Uncovering the stem of the wreck, and making sure that it was her bow which was nearest the shore, involves a revision of opinion as to her size. It increases the estimate. It clearly puts the 50-foot Ann Bellchambers out of the picture, as a possible original. With great reluctance, be it said, it also makes the Toronto Yacht improbable. From the fact that the Toronto yacht was built at the mouth of the Humber, one was prepared to concede the possibility of her having had a centreboard, even though she was built in 1799, and wrecked on this point in 1812, forty years before centreboards were generally adopted. It would, indeed, be a triumph to prove that this was the Toronto Yacht, and one esteemed correspondent has said that his father, who came to York in 1834, told him that this was the wreck of that famous gubernatorial vessel.

But it is almost certain that the end of the centreboard box nearest the lake in this wreck marks the middle point of the original ship. It was a common practice in lake schooners to put the centreboard forward of amidships. That being the case the vessel must have extended lakeward another fifty feet at least, giving her a total length of 103 feet or more. While the dimensions of the Toronto Yacht are not known, it is improbable that she was anywhere near 100 feet over all. Man-of-war brigs, of ten guns, designed by Strickland for Lake Ontario in 1815, only measured 85 feet on deck and registered 287 tons. The Royal George, full rigged ship in the War of 1812, was only 96 feet long. The 80-ton Toronto Yacht was probably 50 to 60 feet on the keel.

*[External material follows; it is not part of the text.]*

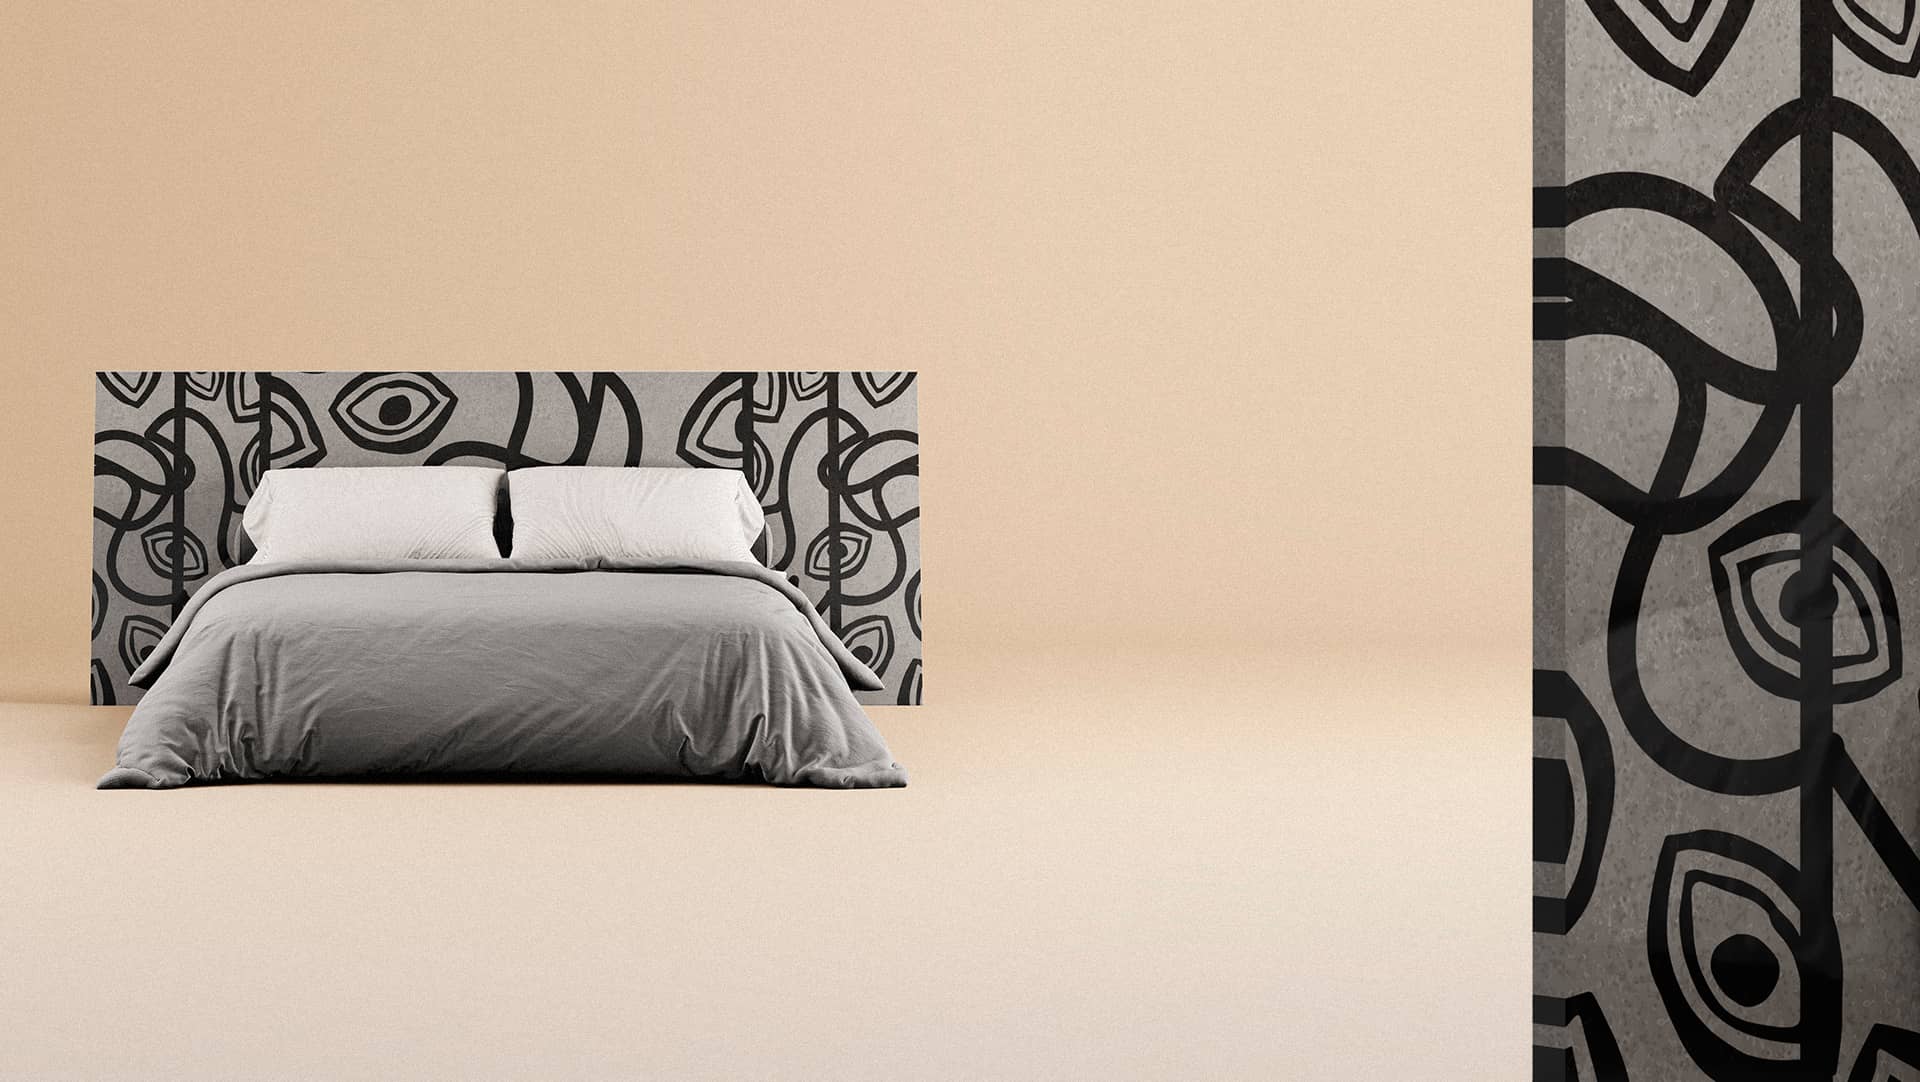 Unique furniture design for distinctive interiors by HOMMÉS Studio

Claims of Americans to have invented the centreboard in the year 1812, for use on the Hudson river, are ill founded. That may be the date of the first use of the centre-board on this continent, for all the writer can prove to the contrary, but the idea had been used by the British at home twenty years earlier, and it is therefore possible that it was tried out in the Toronto Yacht built here. Mr. H. I. Chapelle, naval architect and author of most interesting works on researches into early marine types, has the plans of the following early centreboarders or slip-keel vessels in the British navy: Trial, cutter, 1790; two gun-brigs, 1796-7; Milbrook, schooner, 1796: Dart, sloop, 1796. He has also records of a sloop-of-war, the Cynthia, fitted with "drop keels' ' in 1794. So the case for the possibility of a centre-board for the Toronto Yacht is pretty complete. But it is a fact that centreboards were not in general use on the lakes before 1840.

Despite the illumination cast by the shovel "on a cold and frosty morning" the opportunity for identifying this island wreck is still open. In order to get on with something else a close season is hereby proclaimed for it, commencing Saturday, Dec. 10th.

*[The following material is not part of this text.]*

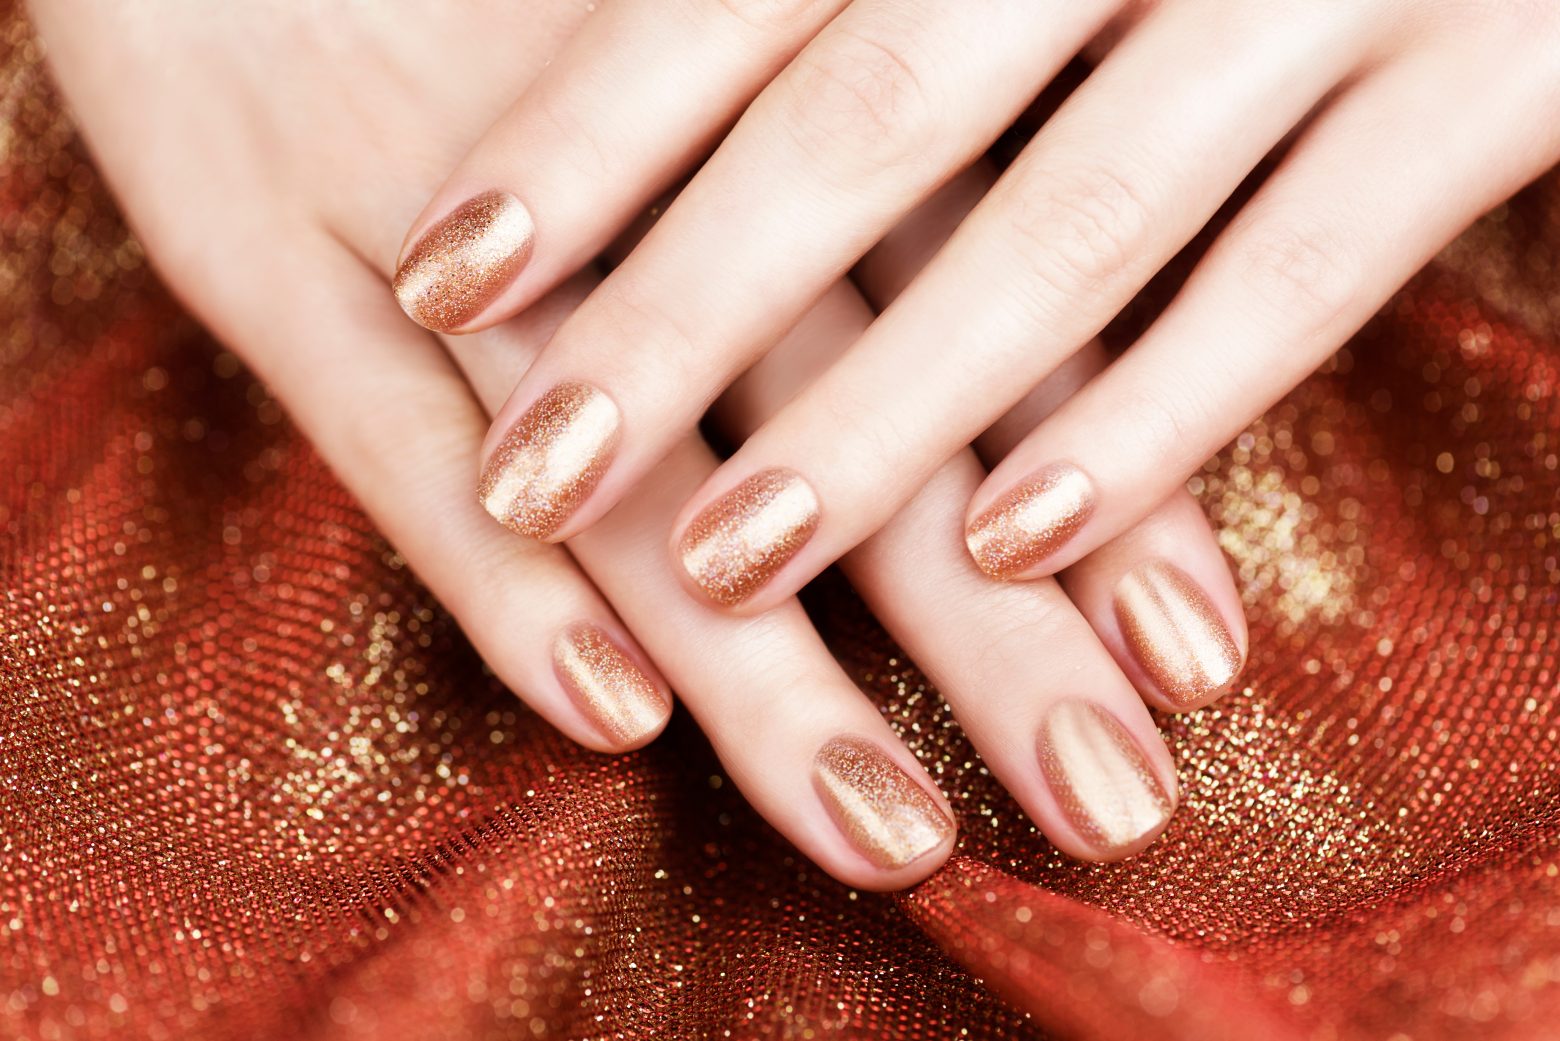 Bronze nails - Η απόλυτη τάση του καλοκαιριού που πρέπει να δοκιμάσεις

HONEYMOON SHIP OF FIFTY YEARS AND HER HAPPY SKIPPER

Requests for a picture of the Baltic, which sailed through Schooner Days some time ago, have produced this spirited drawing of that schooner by C. F. Gibbons, very kindly lent by Mrs. John T. Andrew, of Oakville. The Misses A. and J. Andrew, with equal kindness, lent a portrait of their brother, Capt. John Andrew, who was the Baltic's master.

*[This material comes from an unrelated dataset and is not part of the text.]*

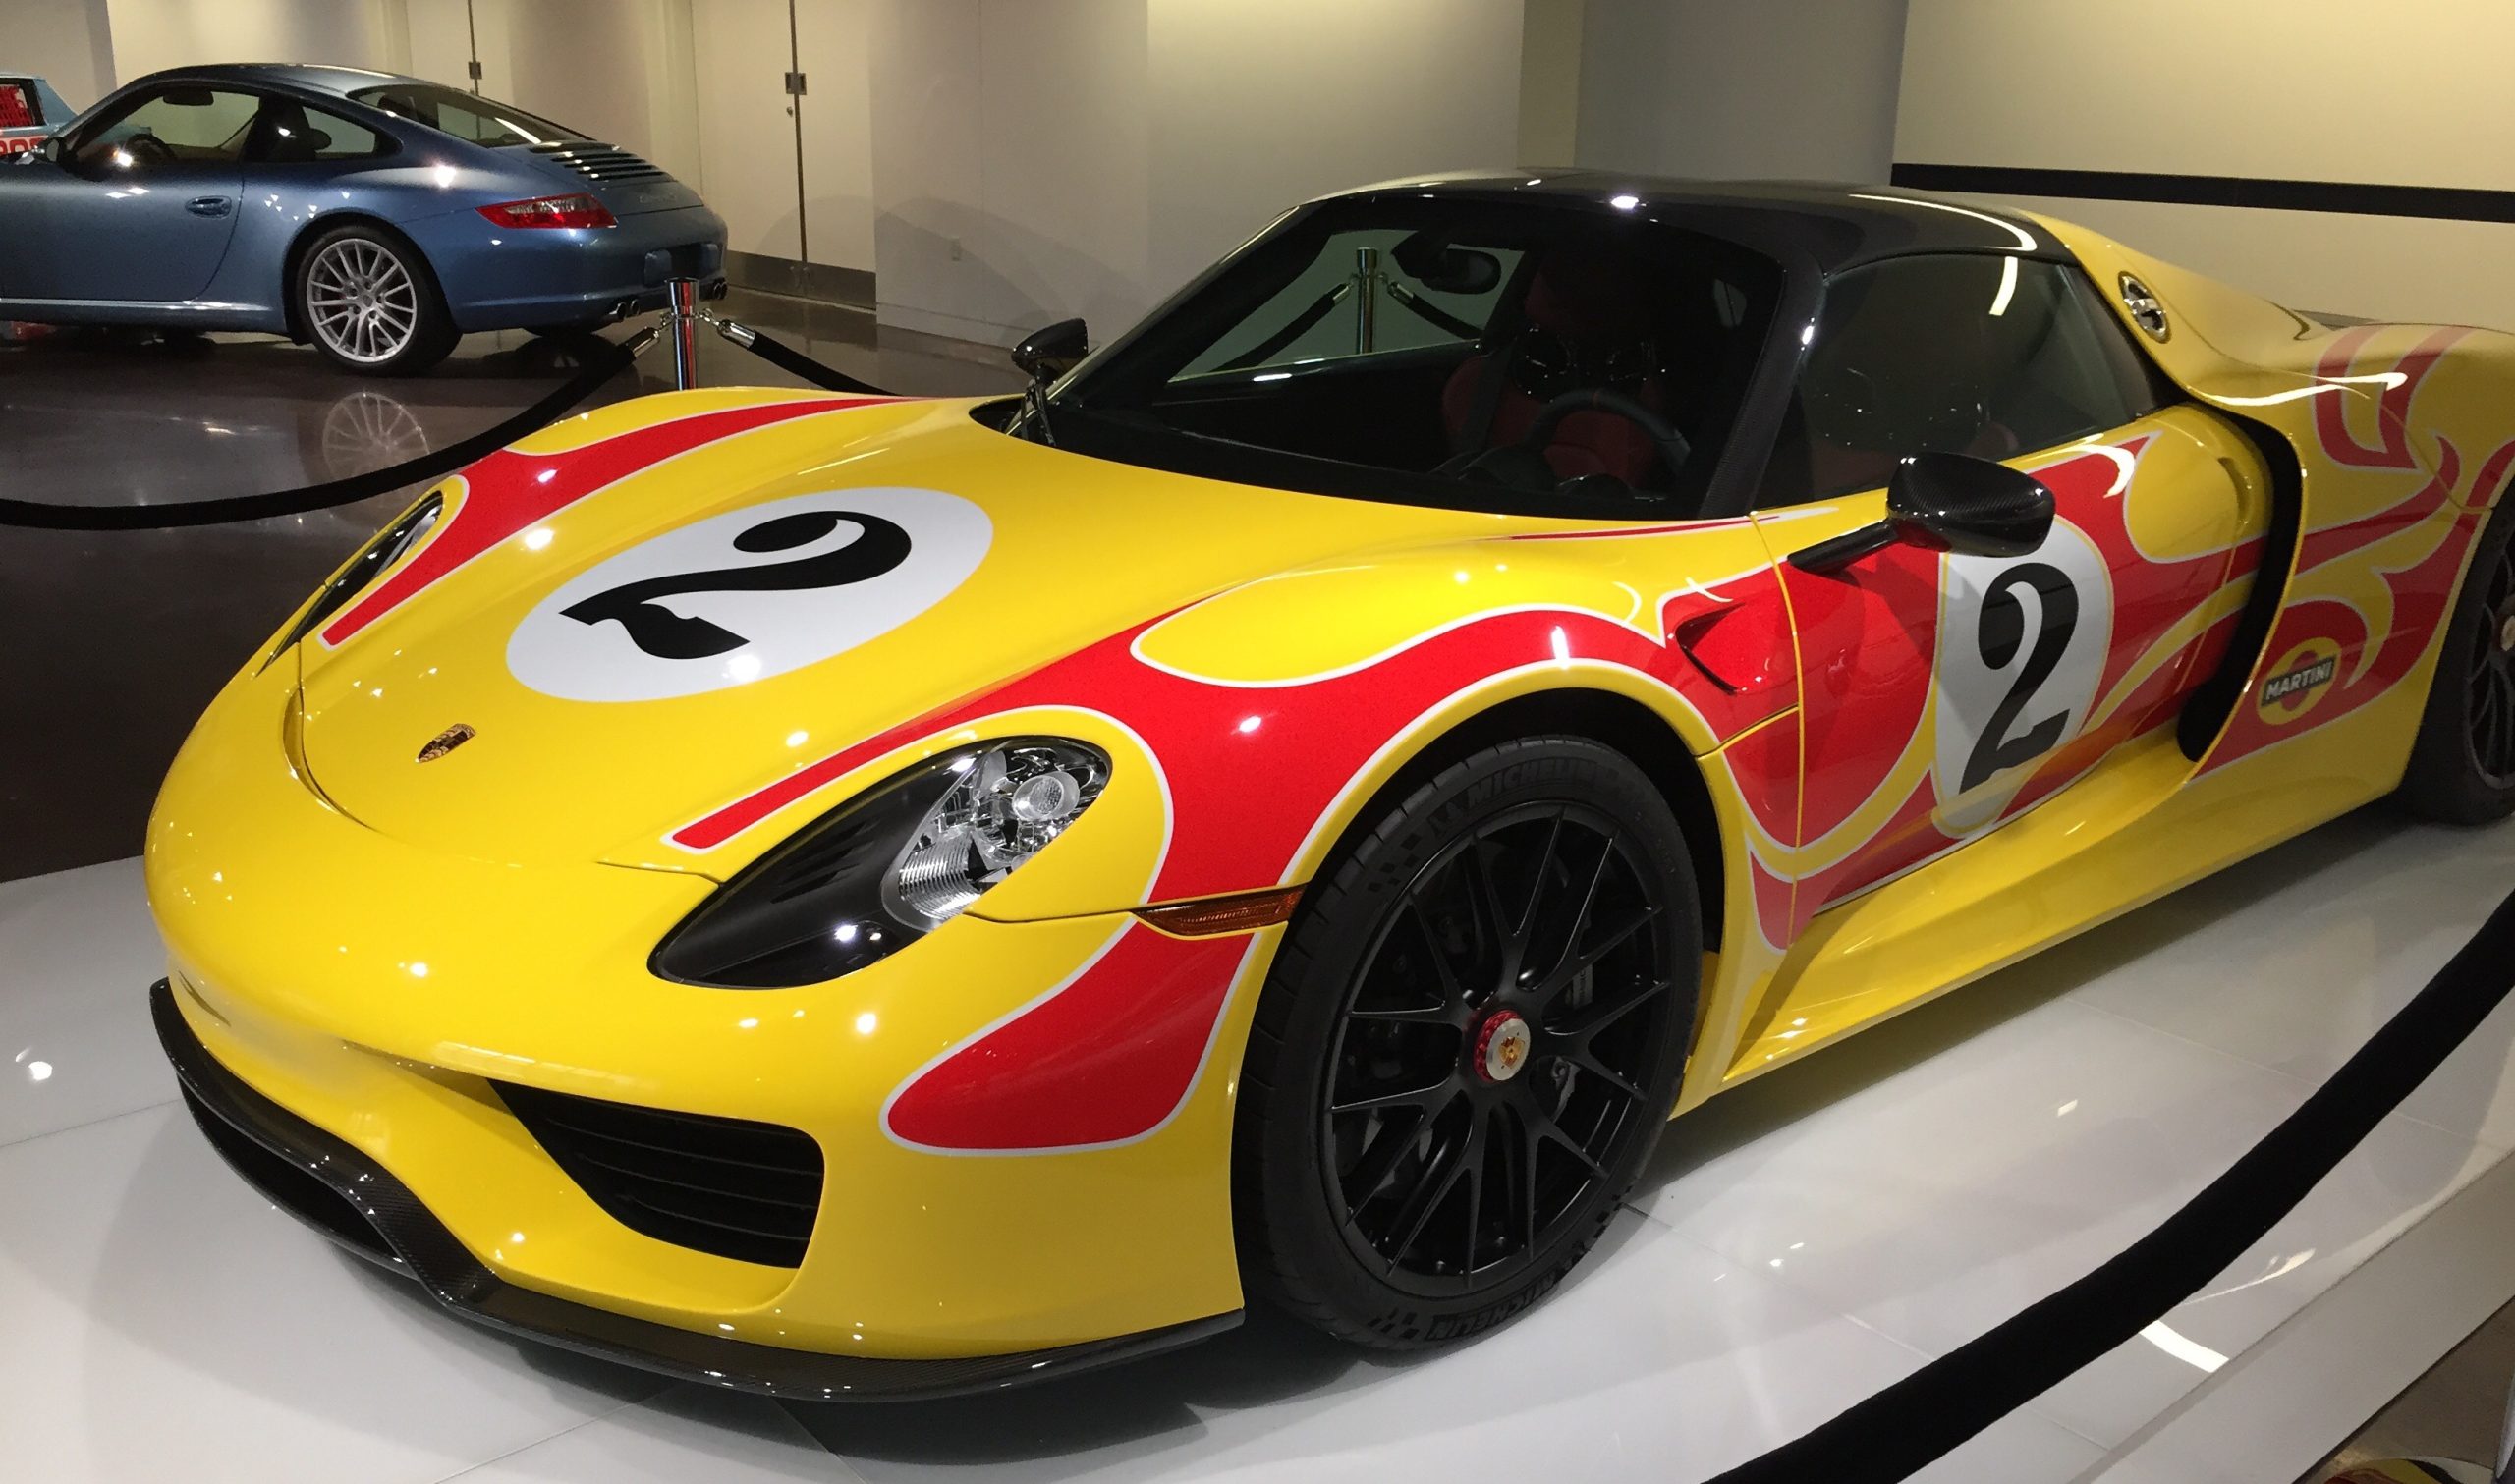 Porsche Experience Center Atlanta: heart pounding adventure on or off the track

The picture shows the white schooner as she was rebuilt after her encounter with the business end of the Queen's Wharf in 1878, as already told. Capt. Andrew married Miss Isabella Armstrong in 1881 and took her in the Baltic for their honeymoon, a three weeks' voyage to Oswego and back. Capt. Andrew, famous all over the lakes as "Three Finger Jack" from an early misadventure chopping kindling, played no favorites with his dates. He was married on the Twelfth of July, 1881, and died on the Seventeenth of March, 1915. Seriously, though, he was eminently fair-minded in his religious views. A staunch Scotch Protestant himself, his lifelong friend was Capt. Maurice Fitzgerald, of Oakville, an equally ardent Irish Catholic. The Baltic, by the way, had nothing to do with the wreck on Toronto Point, discussed below. The Baltic came to grief at Oswego, in 1894, long after Capt. Andrew had left her. Does anyone know why Capt. Andrew flew a red and blue house flag, with "S" in the red half and "4" in the blue?